Criada em Portugal, Mónica ajudou a transformar a Anchorage Digital em uma das plataformas institucionais mais importantes na indústria de criptomoedas. A empresa se tornou o primeiro banco de ativos digitais licenciado pelo governo federal nos Estados Unidos e opera um centro de engenharia no Porto, Portugal
.Com um potencial IPO no horizonte criptográfico, a Anchorage Digital representa a rodovia que conecta o crescente ecossistema criptográfico de Portugal e os mercados de capitais globais.
O sucesso de Mónica reflete uma mudança mais ampla na forma como os investidores pensam cada vez mais sobre a economia de ativos digitais.
Portugal oferece um exemplo claro de como esse ecossistema está se desenvolvendo.
De acordo com um estudo recente com investidores da BlackRock, 43% dos investidores portugueses relatam possuir ativos digitais, quase o dobro da média da União Europeia de 22%. O que começou como um movimento de tecnologia de nicho tem se transformado cada vez mais no mainstream financeiro
.Um sinal dessa mudança veio em fevereiro de 2026, quando o Novo Banco se tornou o primeiro grande banco português a oferecer serviços de negociação de criptomoedas aos clientes por meio de sua plataforma Trading Pro.

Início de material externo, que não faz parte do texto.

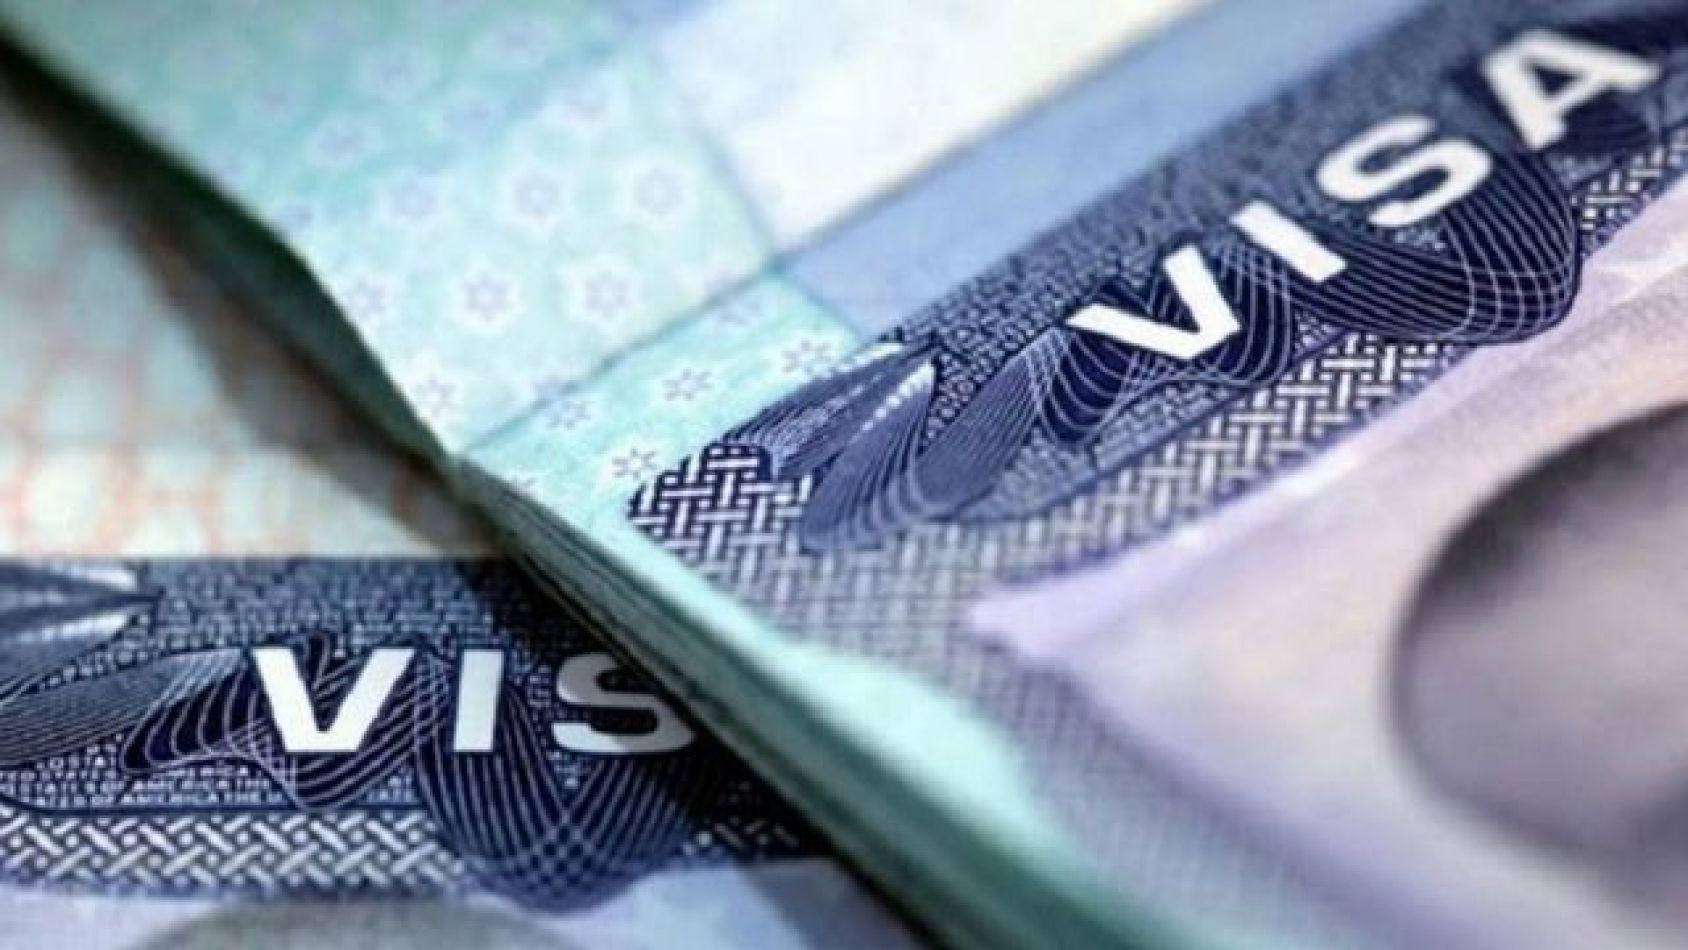 Nueva regla descalificaría a la mitad de los inmigrantes que solicitan visa en EE.UU.
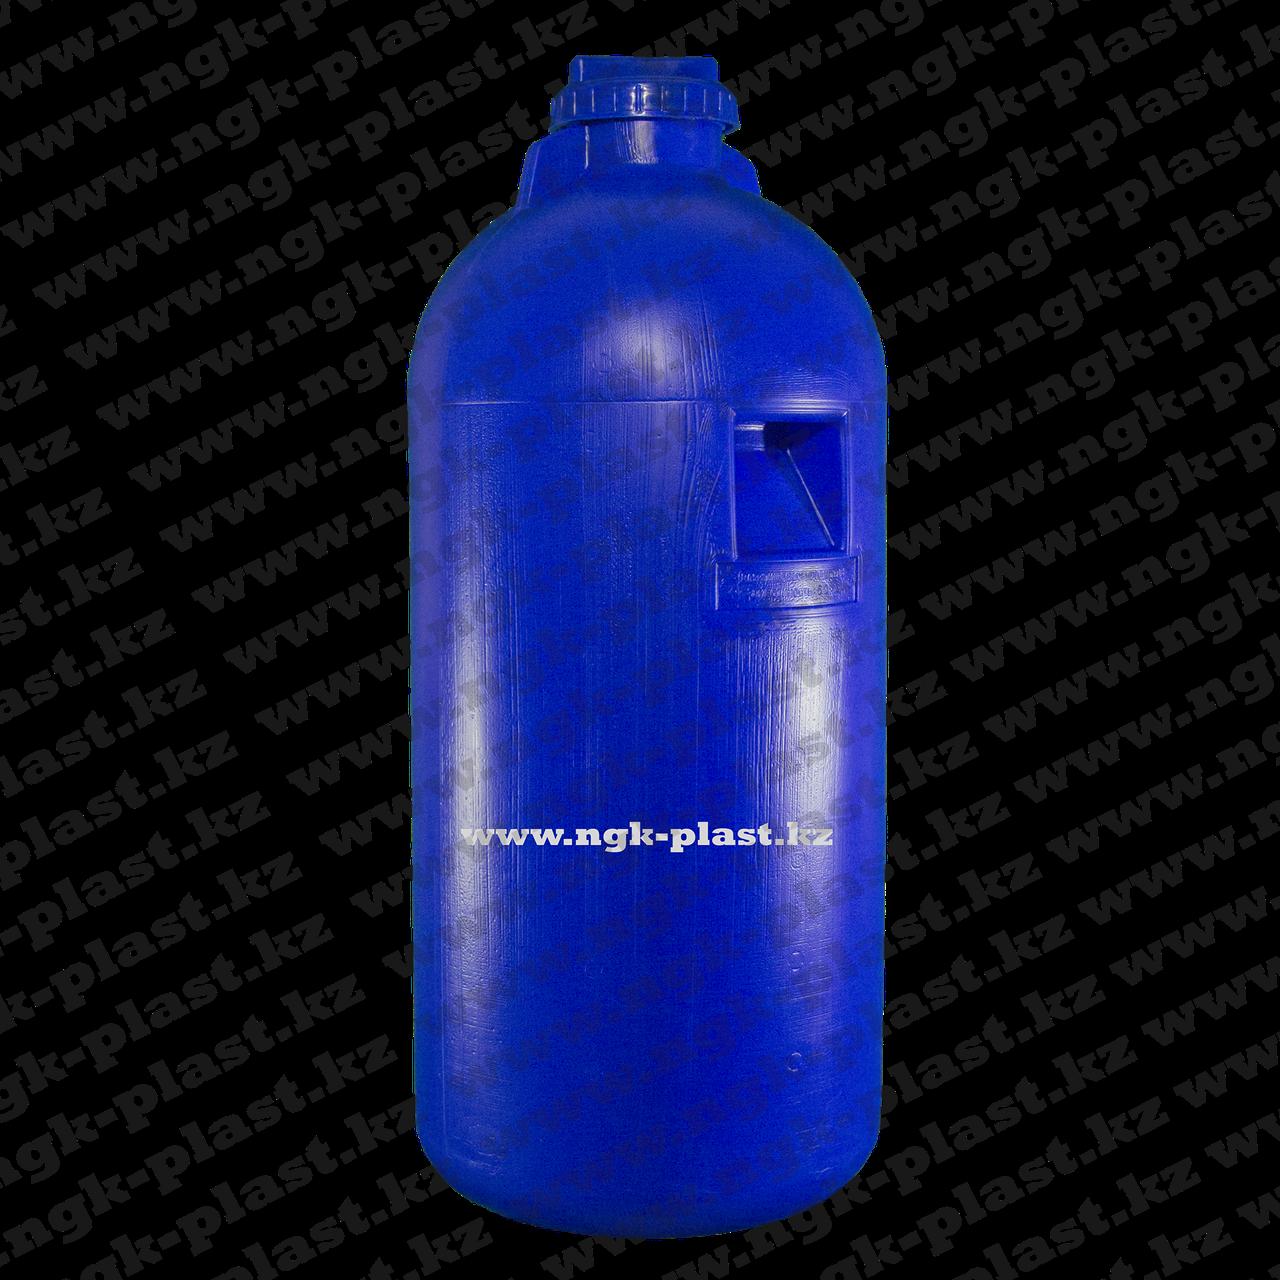 60л литровый бочок (узкая горловина)

Agora, os clientes podem comprar, manter e vender ativos digitais diretamente por meio de sua interface bancária, marcando um passo notável na integração da criptografia às finanças tradicionais. O próprio banco continua apresentando resultados fortes, reportando €828 milhões em lucro líquido em 2025, um aumento de 11% em relação ao ano anterior, enquanto
os depósitos de clientes atingiram €29,3 bilhões.Roteiro para o investimento em criptomoedas
O setor pode ser entendido por meio de uma estrutura simples: Rodovias:
as redes de blockchain onde o valor se move. Cabines de pedágio: as plataformas que processam transações entre elas. Veículos: os produtos financeiros que transportam capital através do sistema.
Os investidores podem comprar os ativos sozinhos — ou investir no ecossistema que os capacita.
Redes como Bitcoin, Ethereum e Solana funcionam como as rodovias fundamentais desse novo sistema financeiro.
Outra forma pela qual os investidores participam do ecossistema é possuindo as empresas que facilitam as transações criptográficas — as cabines de pedágio.
Plataformas negociadas publicamente, como Coinbase (COIN), Robinhood Markets (HOOD) e eToro (ETOR), permitem que os usuários comprem e vendam ativos digitais junto com investimentos tradicionais. Essas empresas operam efetivamente como cabines de pedágio nas rodovias criptográficas, gerando receita com a cobrança de taxas relacionadas à atividade comercial e aos serviços
de custódia.Se os blockchains são as rodovias e as bolsas são as cabines de pedágio, então ETFs, bancos e carteiras digitais são os veículos que transportam capital por todo o sistema.
A próxima onda de adoção pode chegar por meio de plataformas de mensagens. O ecossistema Telegram, alimentado pela infraestrutura de carteira TON, está se expandindo para carteiras digitais integradas incorporadas diretamente em aplicativos de mensagens
.Enquanto isso, a bolsa brasileira Mercado Bitcoin comprometeu recentemente €50 milhões para expandir as operações em Portugal, lançando seu serviço MB One International como parte de uma estratégia europeia mais ampla construída em torno do que chama de ecossistema financeiro de “blockchain invisível”.
Portugal pode desempenhar um papel enorme no futuro dos ativos digitais da Europa, dada sua alta taxa de adoção, expansão do ecossistema fintech e crescente participação institucional.
A economia criptográfica não é mais definida apenas pelas próprias moedas.
Cada vez mais, a maior oportunidade pode estar em possuir as rodovias, os pedágios e os veículos que transportam capital por meio do sistema financeiro digital.